We owed $280,548 and $300,716 at December 31, 2013 and 2012, respectively, under an equipment loan related to the installation of the pulse dryer and related building renovations.  We refinanced our equipment note in July 2013, in conjunction with our mortgage refinancing. Monthly payments of $4,051, including principal and interest at 3.99%, are due beginning August 2013 through and including July 2020. The note is collateralized by all of our equipment. The mortgage on our High Springs property was released in connection with the refinancing. There is a prepayment penalty of 2% of the outstanding balance if we refinance the loan with another financial institution within five years.
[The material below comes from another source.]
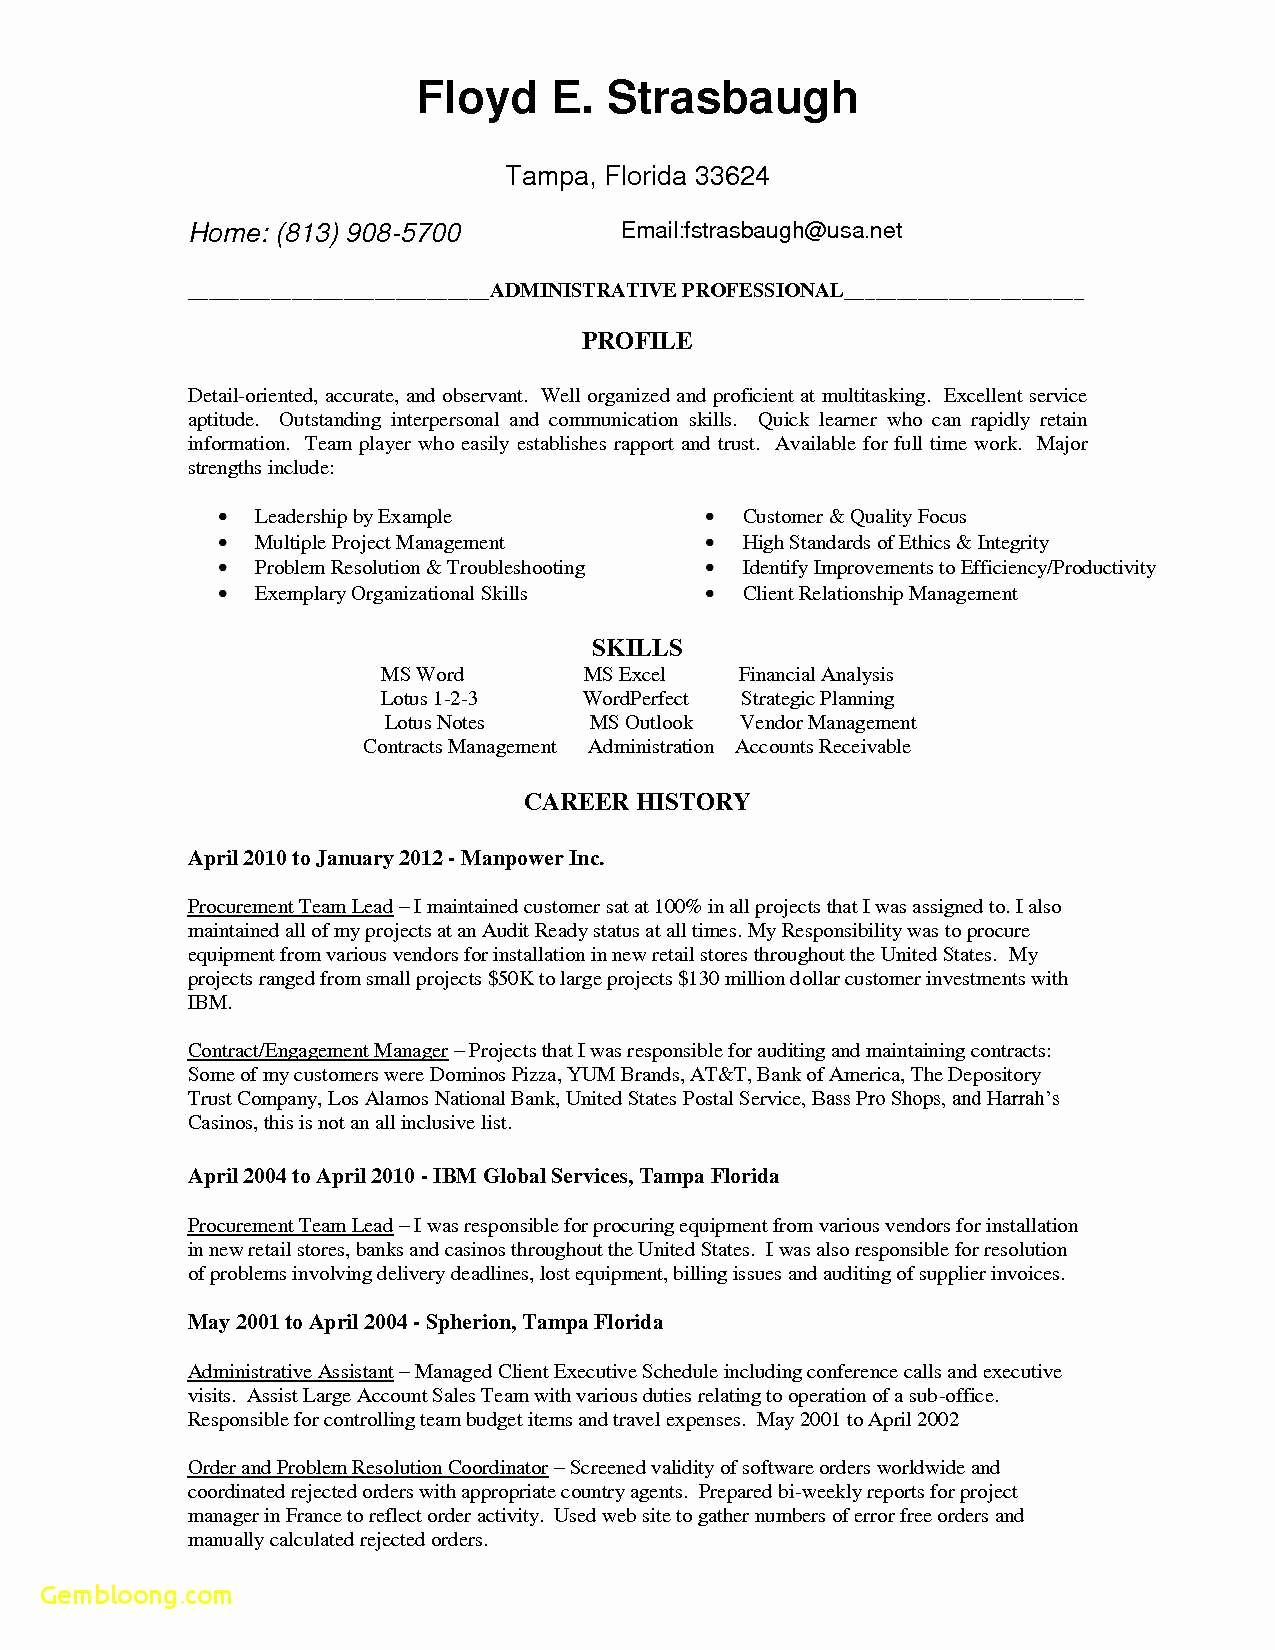 engineering cover letter template example-Cover Letter Engineer Awesome Science Resume Awesome Resume Cover Letter formatted Resume 0d 2-q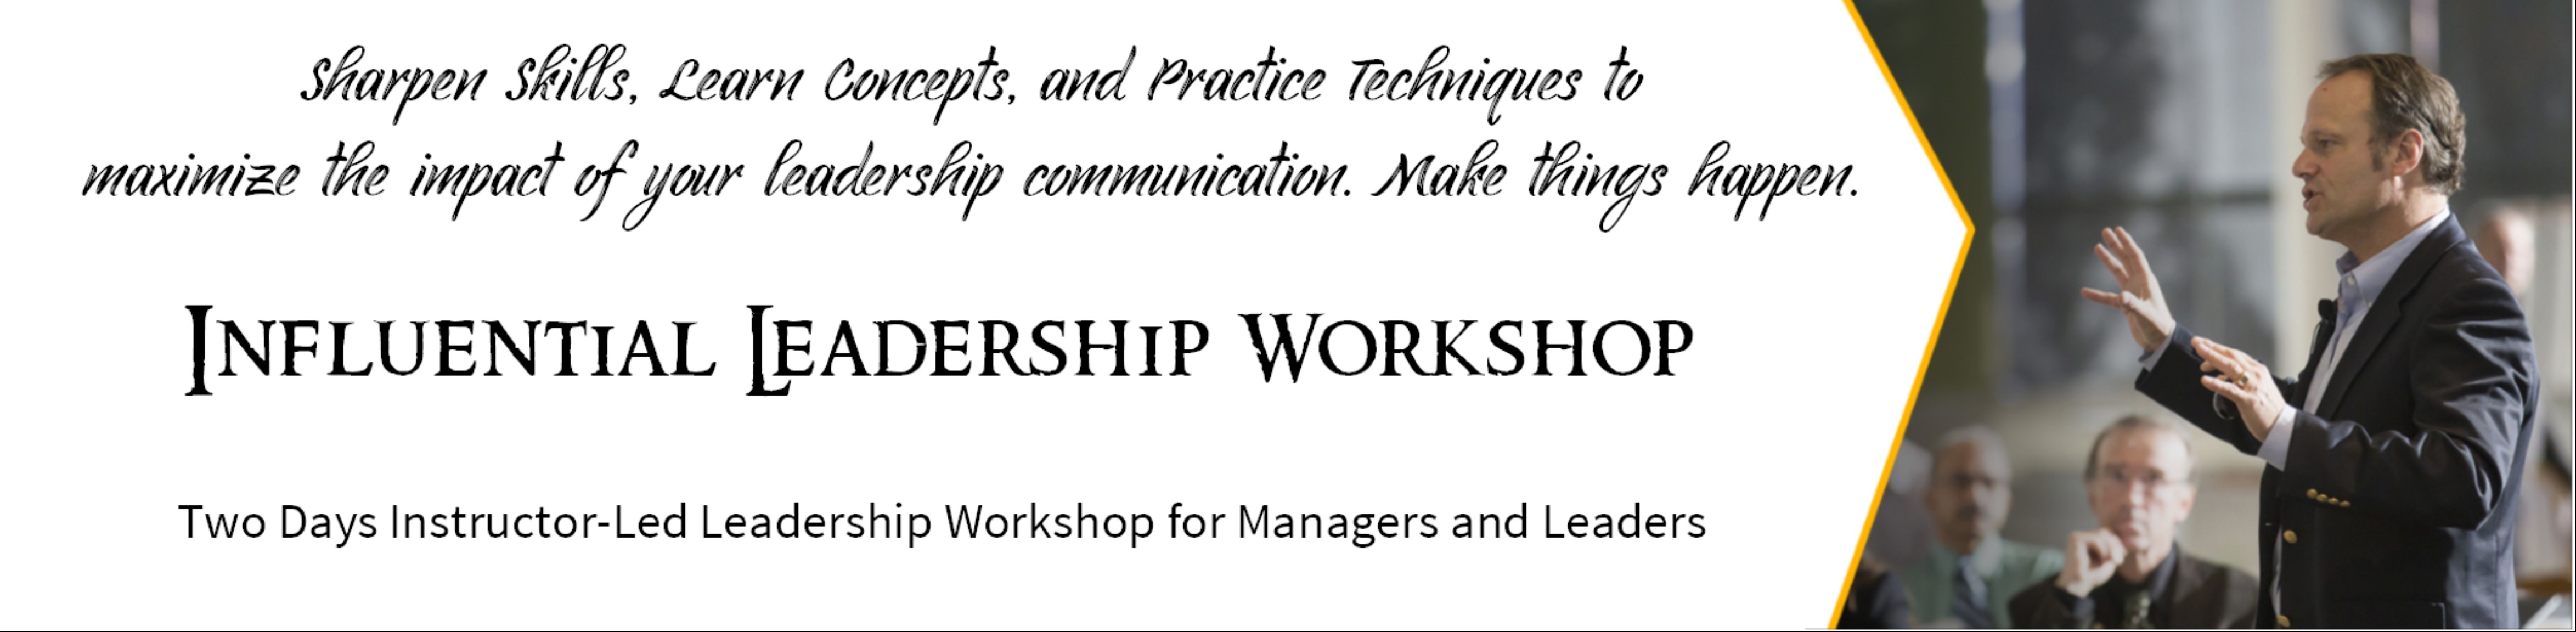 Influential Leadership - Workshop for Managers and Leaders @ Delhi NCR, South West Delhi, Delhi, India

There is no prepayment penalty if the loan is repaid with cash on hand.
 
We also owed $177,905 under notes payable to two vendors at December 31, 2012.  These vendor loans were refinanced into our mortgage in July 2013.
 
Long-term debt obligations for the next five years and thereafter are as follows:
 
Year Ending
December 31,
 
Year
 
2014
 
$
56,318
 
2015
   
59,941
 
2016
   
62,411
 
2017
   
64,982
 
2018
   
67,658
 
Thereafter
   
540,465
 
   
$
851,775
 
 
 
In July 2013, we refinanced our $100,000 line of credit, with interest due monthly at prime plus 1.8%, with a minimum rate of 4.75% (5.05% at December 31, 2013), due in full July 2014, unless further extended. The line of credit is collateralized by our inventory, accounts receivable, equipment, general intangibles and fixtures.  The credit line is also cross collateralized with our mortgage and equipment loans.  There was no balance outstanding at December 31, 2013.  We owed $94,487 on the line of credit as of December 31, 2012.